Please reproduce all of the data exactly as it appears, but skip the pictures.

[Opening Data block section]

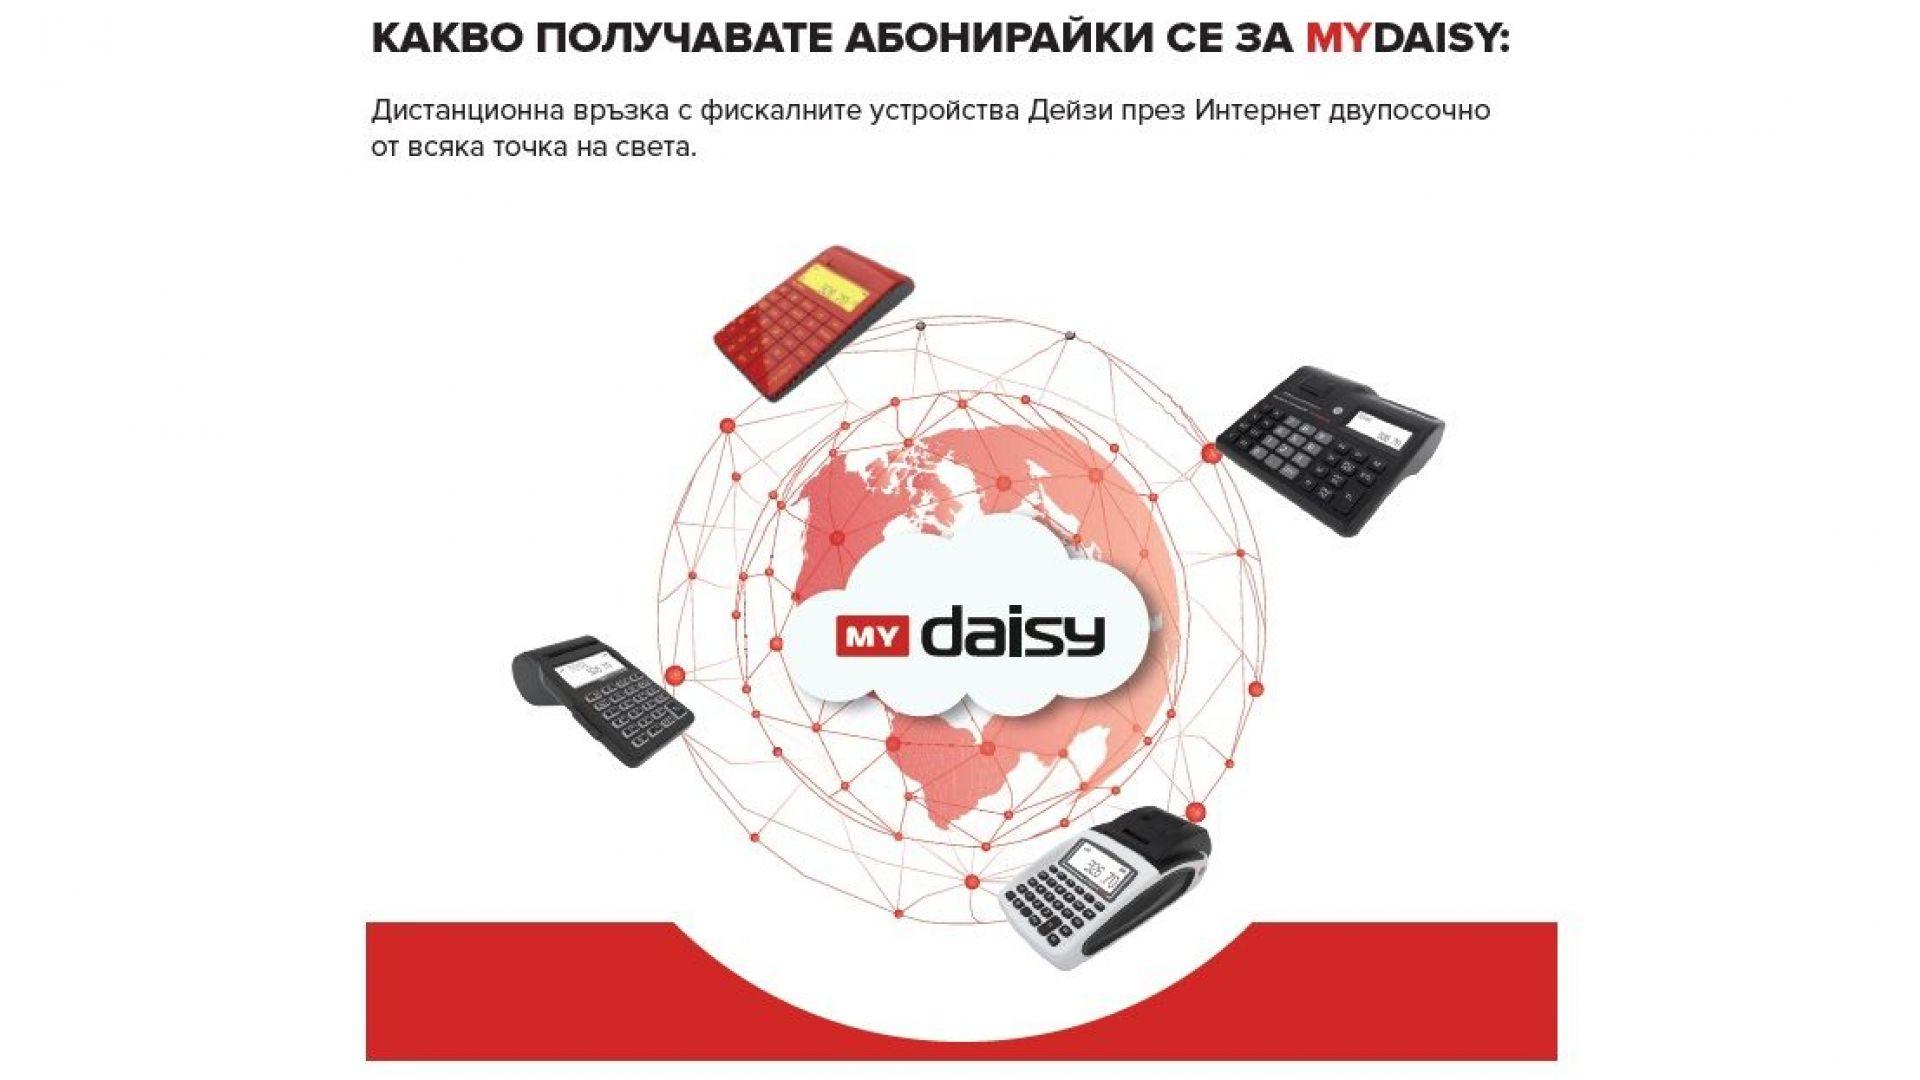 Платформата осигурява много функционалности, а вие може да споделите информацията от нея директно със счетоводителя си
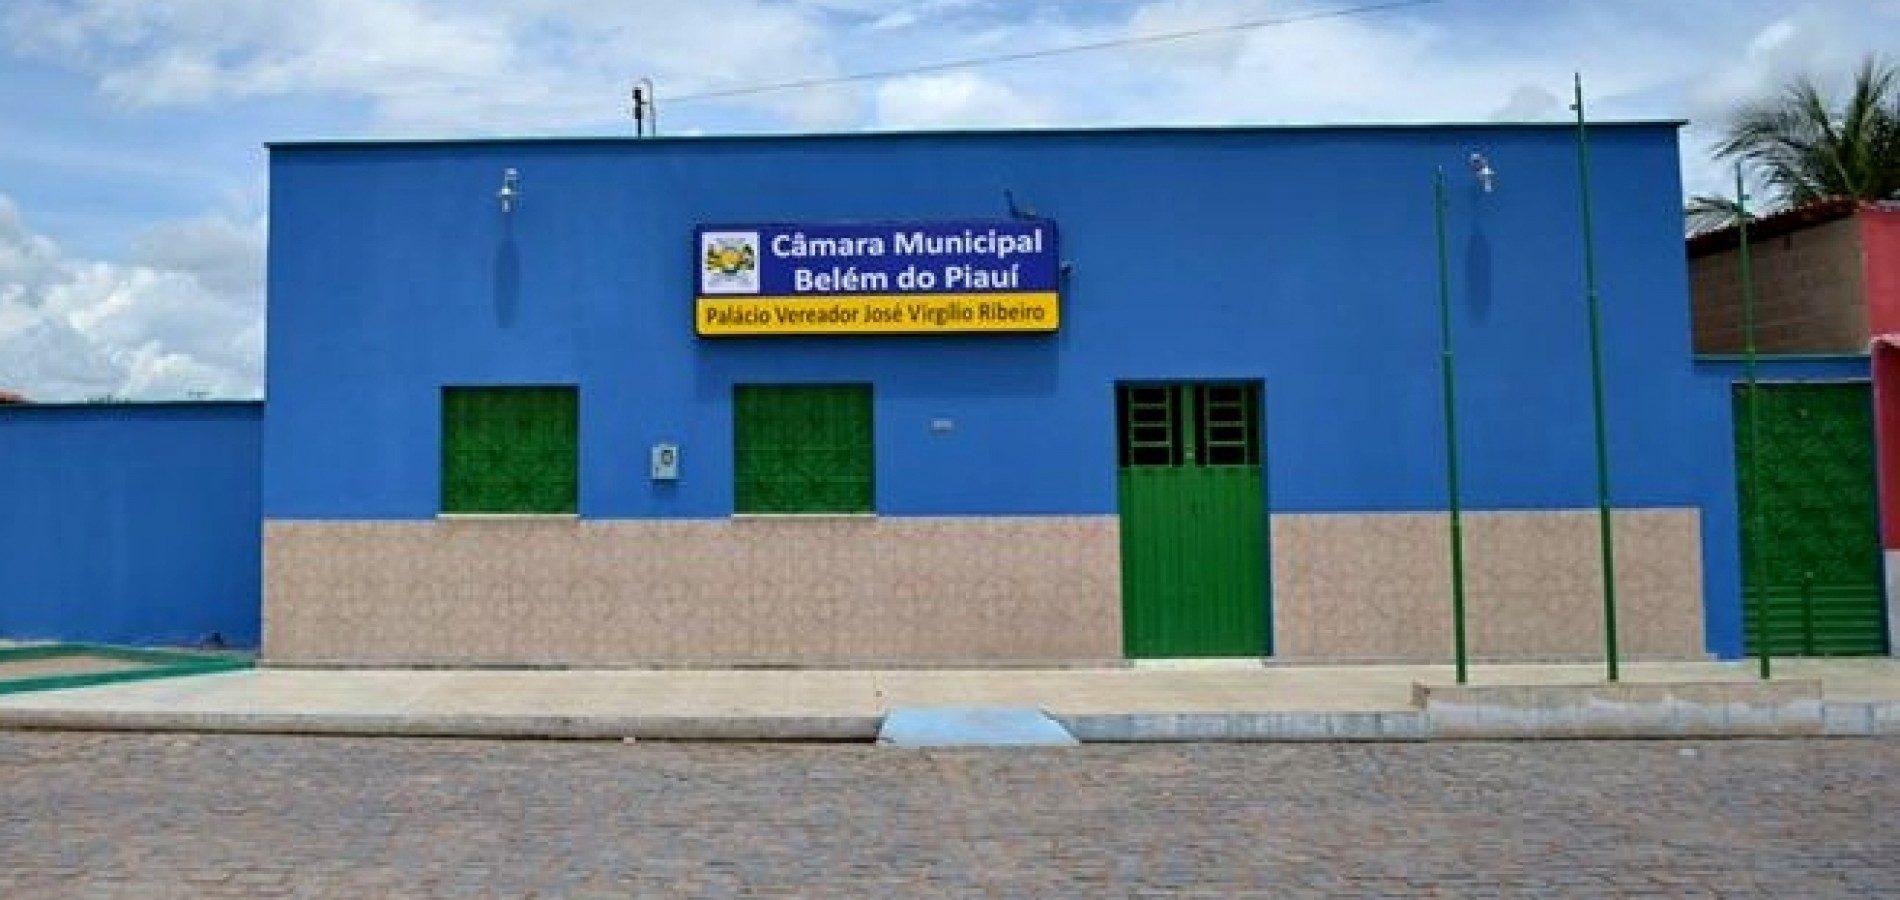 Câmara de Belém do Piauí realiza sessão ordinária nesta sexta-feira (23); veja a pauta
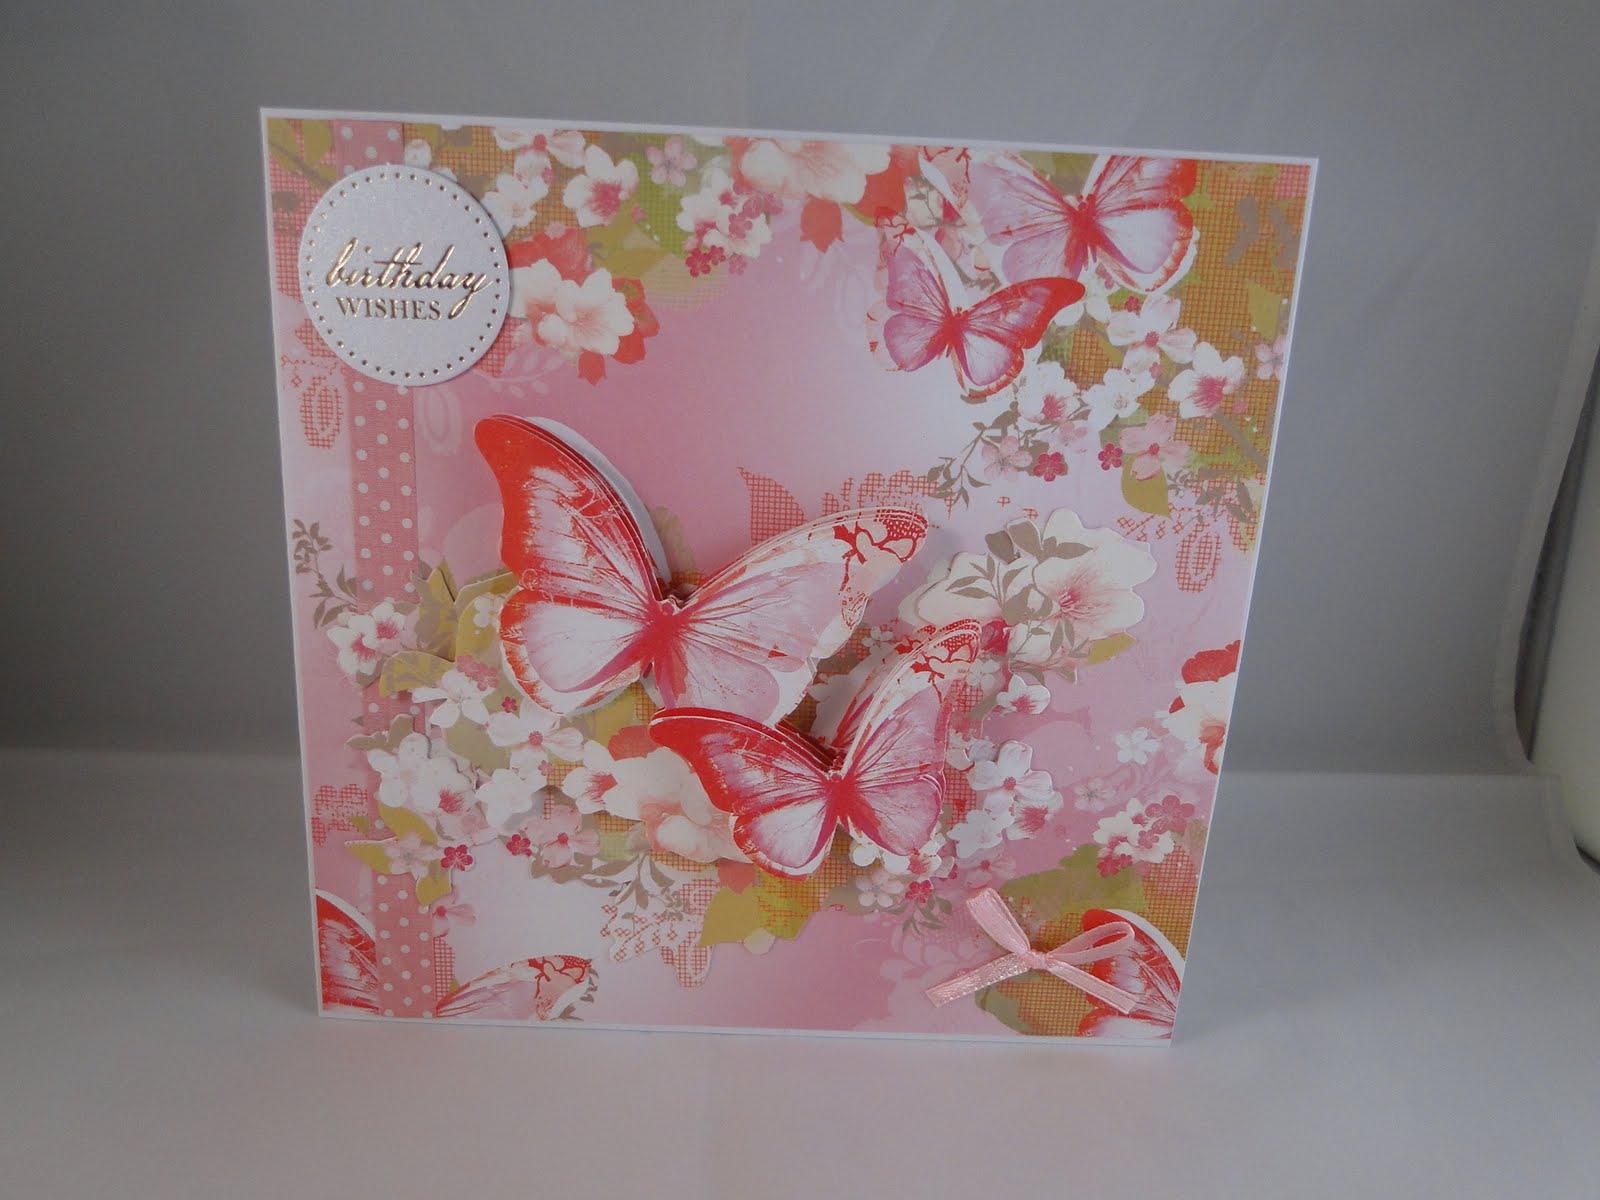 Creative Birthday Cards Handmade ~ Elaine s creative musings more handmade birthday cards

[Closing Data block section]

(Answer section)
 Платформата осигурява много функционалности, а вие може да споделите информацията от нея директно със счетоводителя си
 Câmara de Belém do Piauí realiza sessão ordinária nesta sexta-feira (23); veja a pauta
 Creative Birthday Cards Handmade ~ Elaine s creative musings more handmade birthday cards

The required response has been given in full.